El general se marchó antes del amanecer con el embajador y la escolta.
Yo me levanté tarde, sobre las nueve. Las ametralladoras ya estaban colocadas sobre las mulas. De la cocina y el hospital de campaña no quedaba ni rastro. Cuando bajé a desayunar, Teresa tenía el aire de una clueca que ve a sus polluelos romper los cascarones. Los cazos, los cucharones de palo y las cazuelas habían vuelto a las manos expertas de su legítima soberana, que con unos cuantos y muy certeros diambarne de l’ostia se juraba a sí misma que nadie la volvería a destronar. La hija, en cambio, estaba nerviosa. En cuanto me vio me preguntó por Renato. Moví la cabeza.
—Habrá salido por algún encargo.
Loretta se tapó la cara con las manos.
Los abuelos bajaron hacia mediodía. Nevaba desde hacía poco más de una hora. El capitán acababa de terminar de pasar revista a los hombres formados. Las motocicletas salieron primero, seguidas por dos camiones y por la larga fila de mulas, una treintena. El segundo oficial se había situado cerca de los centinelas de la verja, y la nieve, paciente, formaba un muñeco de mirada de cristal, con la nariz rojo zanahoria. Me cerré el último botón del gabán. Korpiuni dio una vuelta por el jardín al trote. Fue hasta el cementerio, pasó delante de la capilla, luego a galope sostenido dio una vuelta entera al edificio principal y se acercó al paso hasta el pie de la ventana de doña Maria. Miré hacia arriba. Ella estaba erguida e inmóvil, detrás de los cristales, detrás de la nieve que caía. El capitán, elevándose sobre los estribos, se llevó la mano derecha a la visera.
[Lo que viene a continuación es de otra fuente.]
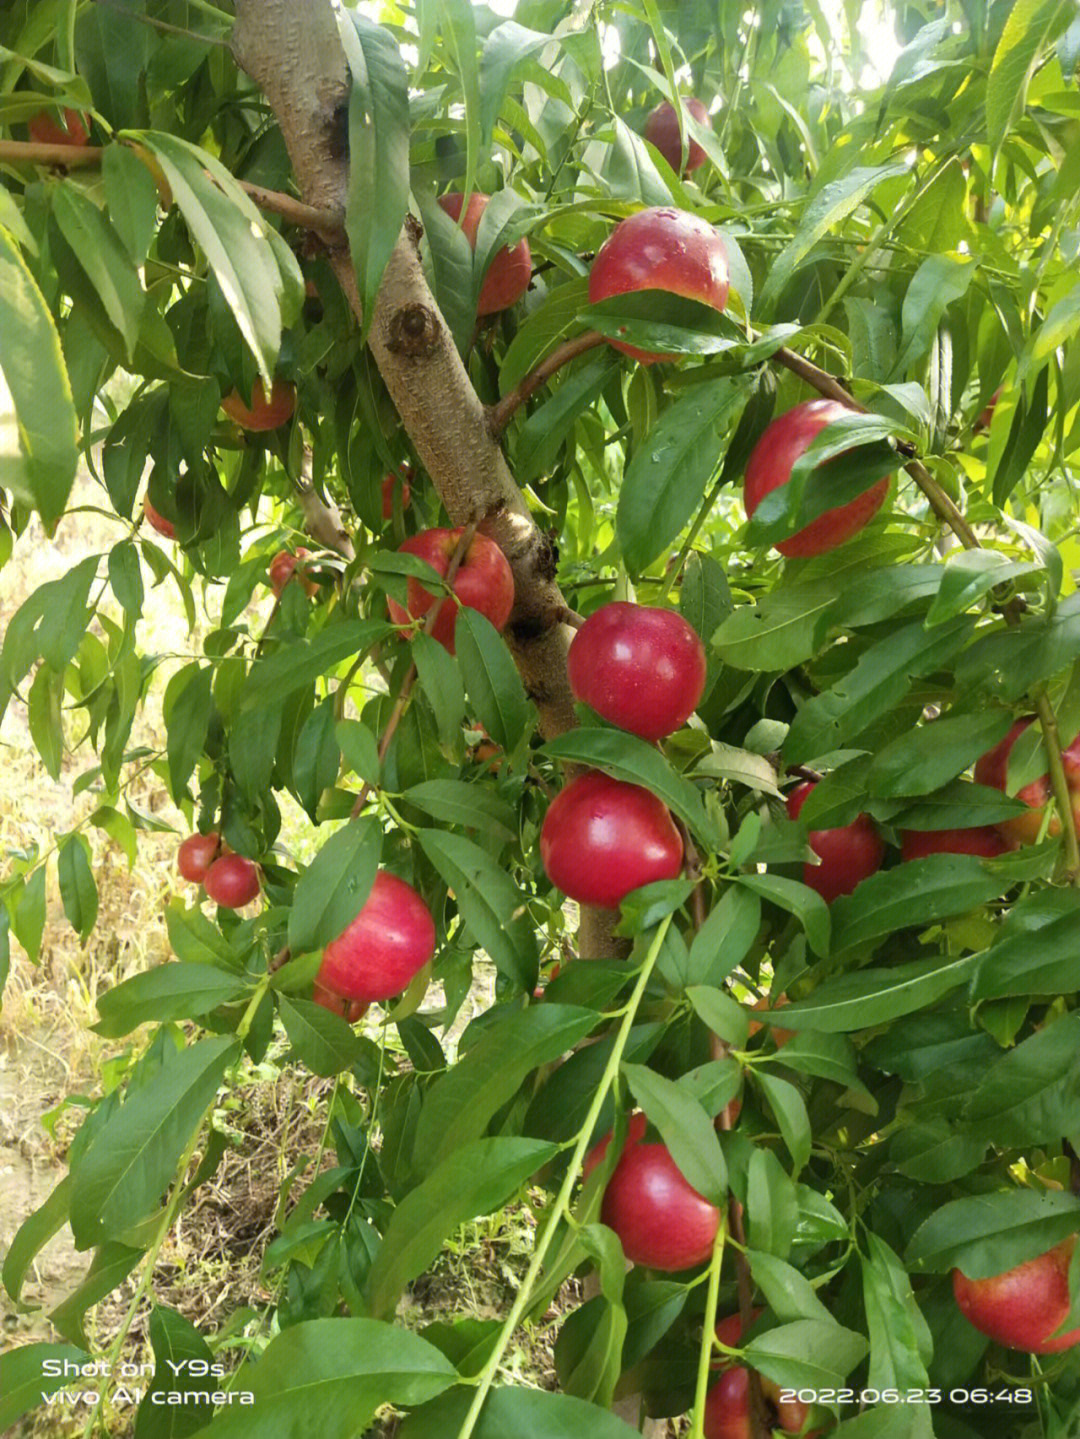 早48油桃品种介绍图片

Cuando el bayo del oficial cruzó la verja, los centinelas ya se habían ido. Korpium se volvió un instante y alzó la vista hacia la ventana de la tía. Tras los cristales no había nadie. Entonces, por un momento, me miró; yo andaba hacia la verja, y él me hizo un gesto de saludo. Me cuadré y sin pensarlo me llevé la mano, recta con una hoja de cuchillo, a la frente. Me pareció entrever una sonrisa en sus labios. Luego un ligero golpe de tacones puso el bayo al trote.
La villa era de nuevo nuestra. Pero me sentía herido, melancólico. Daba vueltas por los salones grandes y vacíos, pasaba los dedos por los pocos muebles que no habían sido robados y que se habían salvado de las estufas del invasor, por la mesa de roble en la que habíamos cenado la noche anterior. Los candelabros del general ya no estaban. En la amplia chimenea, los restos de dos troncos ennegrecidos todavía humeaban despacio. El olor a tela enmohecida, que desde siempre había predominado en la villa, se iba reapropiando lentamente de las habitaciones que, una tras otra, se sometían a su dominio, que le habían disputado tres semanas los olores de la guerra. Y pronto llegarían otros, con otras divisas, pero con ese mismo idioma de acento metálico.
Volvíamos a ser dueños y señores de nuestras cosas, solo que ahora nada olía a nuestro, a mío.
Aquella noche cenamos todos juntos. Había un ambiente festivo. Una sensación de libertad que habíamos olvidado. Comimos las sobras de la noche anterior: asado recalentado y rebanadas de polenta tostada sobre las brasas. Nos reíamos de todo. Loretta tuvo que descorchar las tres últimas botellas de marzemino, rescatadas de la sed de los hunos. Así, durante dos largas horas, en el salón donde habían cenado generales y embajadores, nos abandonamos al juego. Y nos sentimos locos, niños, ebrios, poetas.